Monday, March 20, 2006

Friendships Are for Now

I miss my friends. No, not the ‘I’ll-call-you-once-in-a-while’ kind of friends, I have quite a few of those, but the long lasting friendships that are further cemented by each milestone accomplished in life. I have met a lot of people in this town, but I have yet to feel really close to anyone. It seems as if most of the people I have met have a thick shield that guards them from showing their true selves… and I wear my heart on my sleeve. Not that I expect the same, but for some reason, I just never feel people are very genuine. Maybe it’s me. I’m certainly not going to proclaim that I am perfect. Maybe it’s a cultural thing, but given that I am as American as it gets, that’s very unlikely. Maybe it is the fact that I didn’t grow up here, and neither did many of the people I’ve met, so there is no real feeling of belonging, nor a true sense of permanence. Whatever it is, I long for the same kind of friendships I still keep with some of the people whose life I was a part of back home and in Philadelphia.

I worry for my children.
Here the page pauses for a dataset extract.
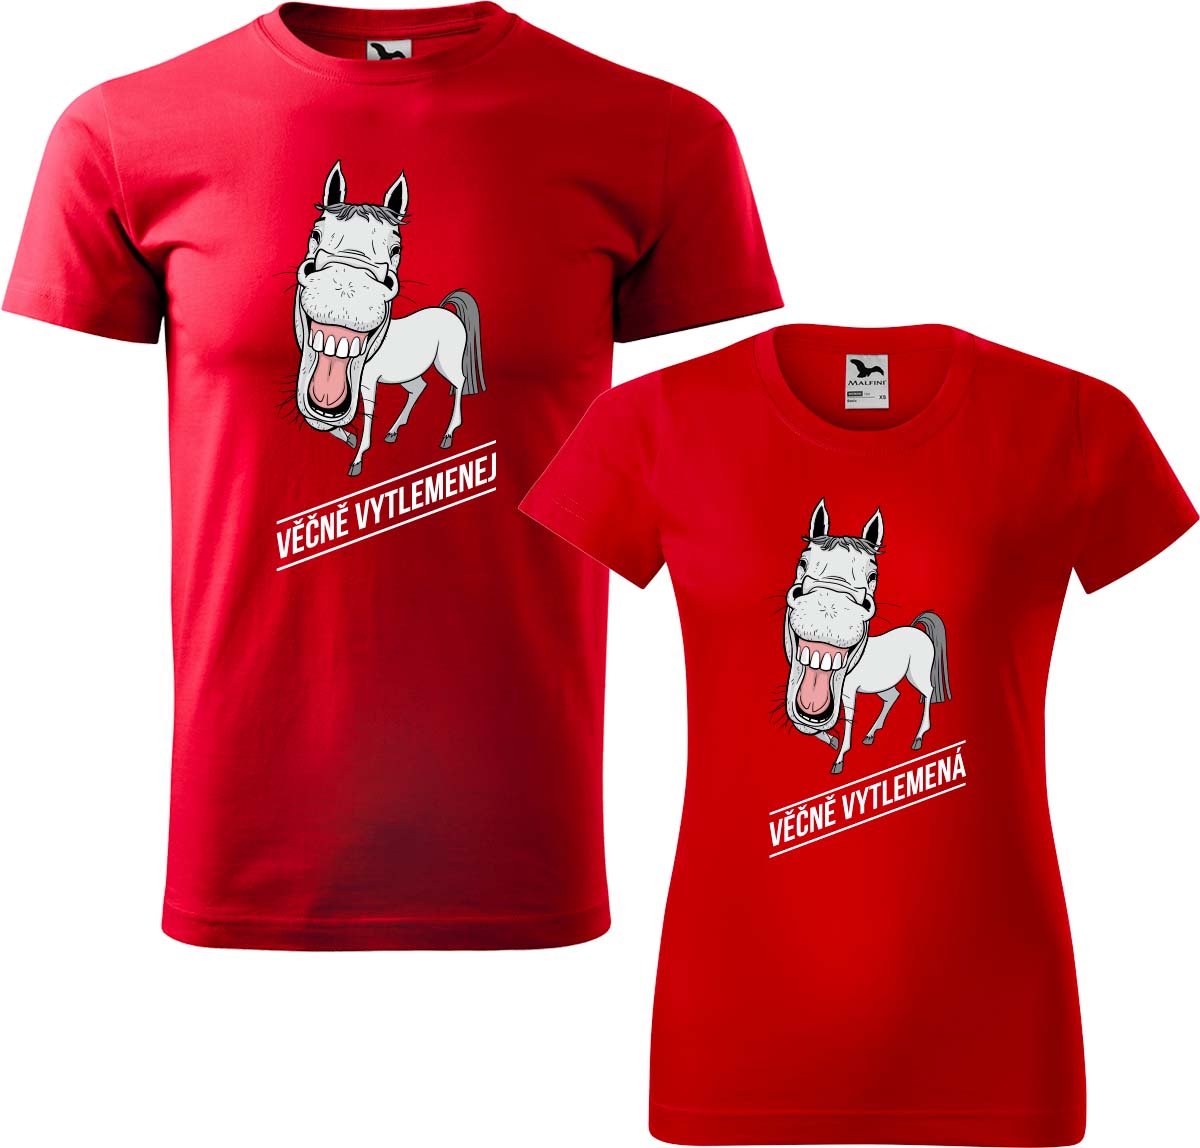 Trička pro páry - Věčně vytlemenej a věčně vytlemená Barva: Červená (07), Velikost dámské tričko: 3XL, Velikost pánské tričko: 3XL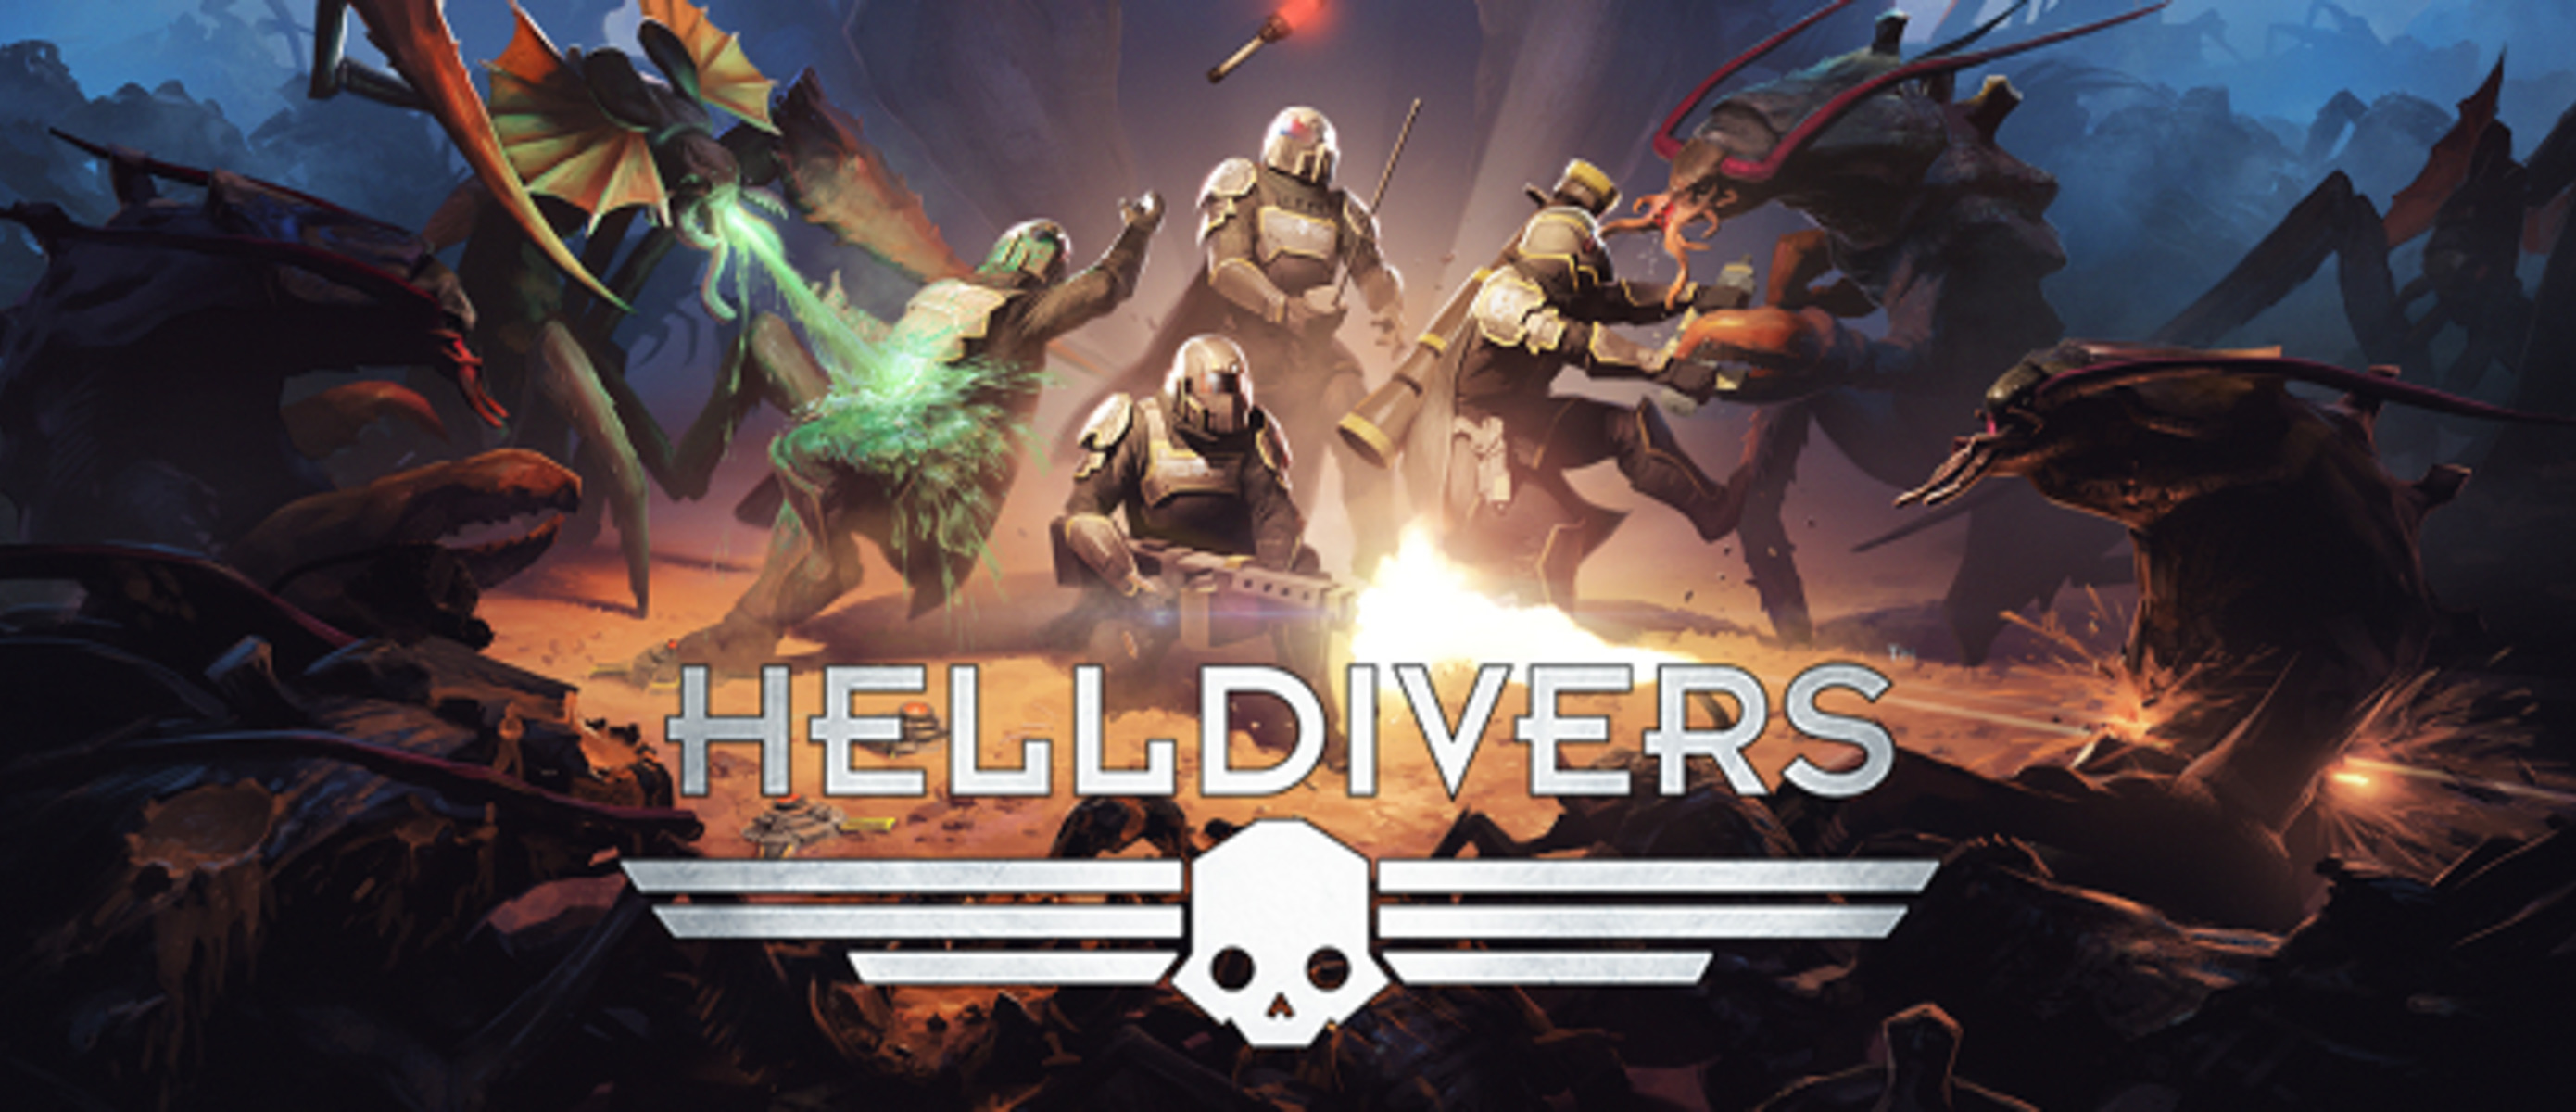 Игры похожие на helldivers. Helldivers 2. Helldivers враги. Helldivers расы. Helldivers 1 расы.

I certainly would love for them to have the ability to have great, long-lasting friendships that will last a lifetime. But, as I look around and see just how self-absorbed and dismissive most people are, and how children’s focus is being turned from finding value in themselves to finding worth in the material things they posses, I just can’t help but wonder if the world’s meaning of the word ‘friendship’ is changing and I have just lagged behind. I think there’s been a real shift from what used to be the concept of true friendship: a life sibling of one’s choosing; to shallow relationships lacking a solid base or true connections. It’s the difference between mom’s home made chicken soup and the canned variety: I can still eat the canned soup, but it’s just not as good for the soul.

2 Comments:

Blogger Jen said...

It is hard to really reach out and make those kind of friendships when you are so busy with kids, husbands, households, and careers. I have two friends that I have known forever (11yrs and 8yrs) that I can depend on for anything, and they can depend on me for anything. We will be friends forever, I am quite sure of it. Then I have my sisters, which will always be the two closest people to me other than my husband and children. All of those friendships and relationships were developed long ago, when I had the brain-capacity and time to really get-to-know someone.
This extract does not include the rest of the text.